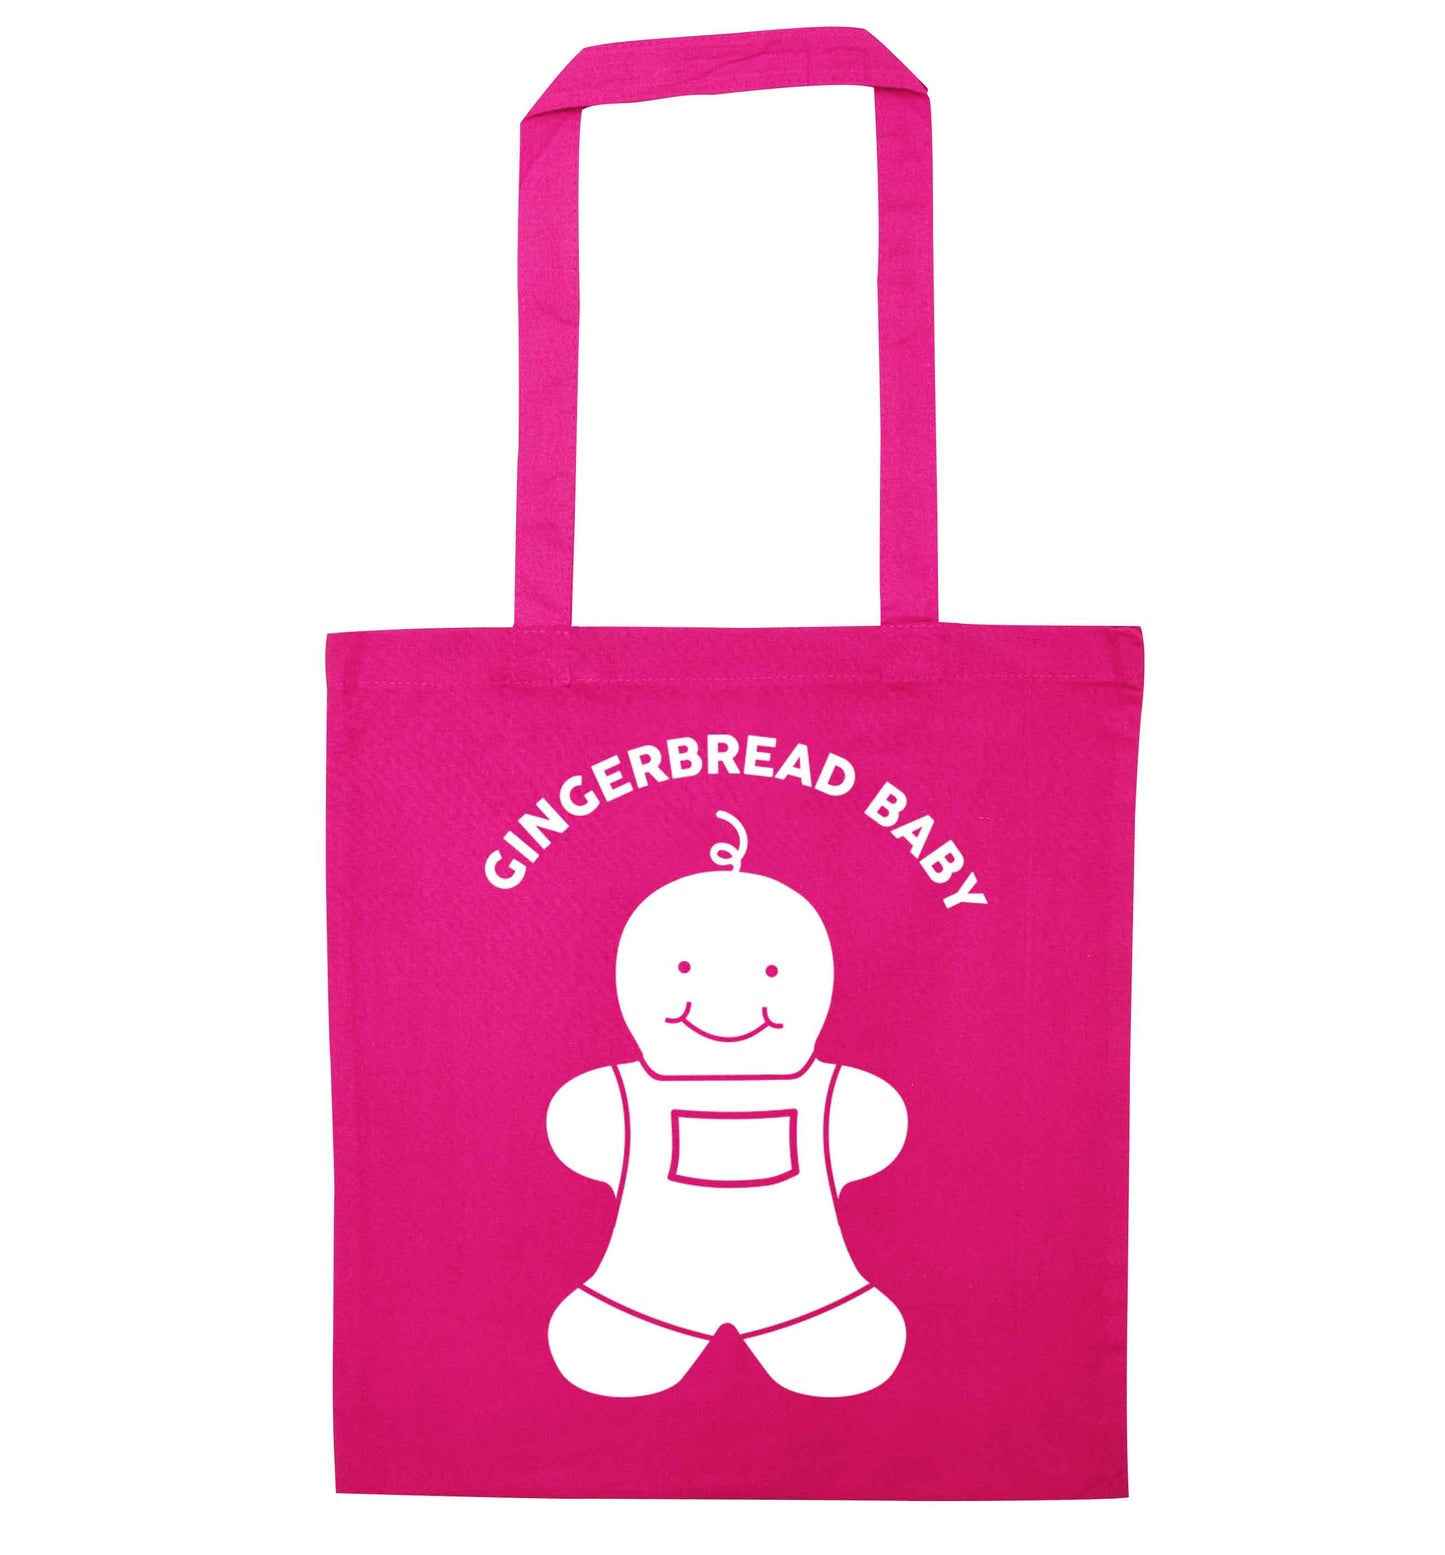 Gingerbread baby pink tote bag
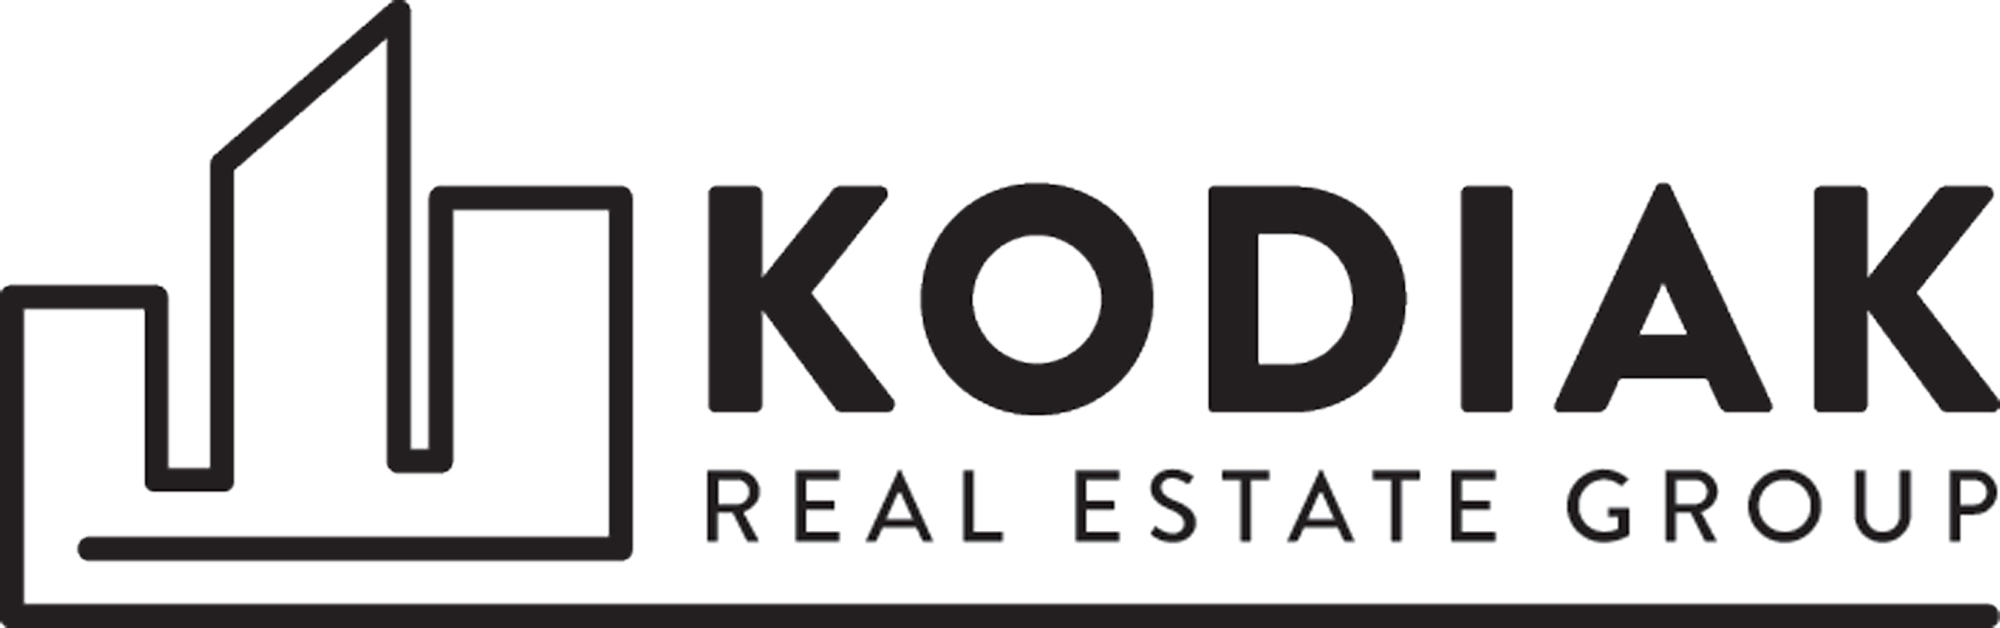 Kodiak Real Estate Group
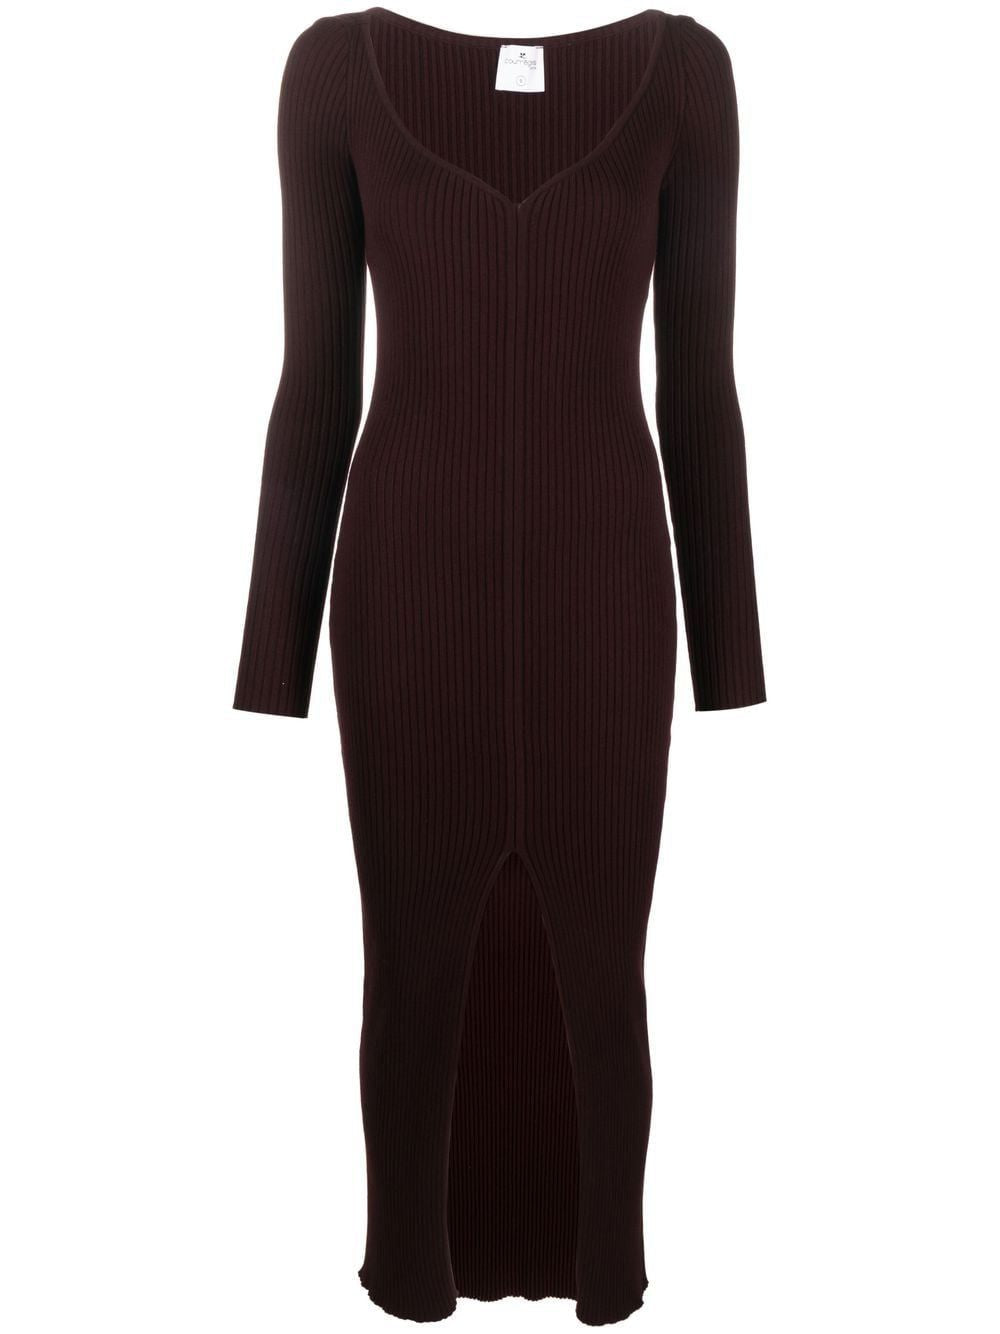 COURREGÈS Burgundy Knit Dress for Women - FW22

» How to complete this task
Leave out the pictures and retype every line above exactly.

» Problem solution
 Gingerbread baby pink tote bag
 Kodiak Real Estate Group
 COURREGÈS Burgundy Knit Dress for Women - FW22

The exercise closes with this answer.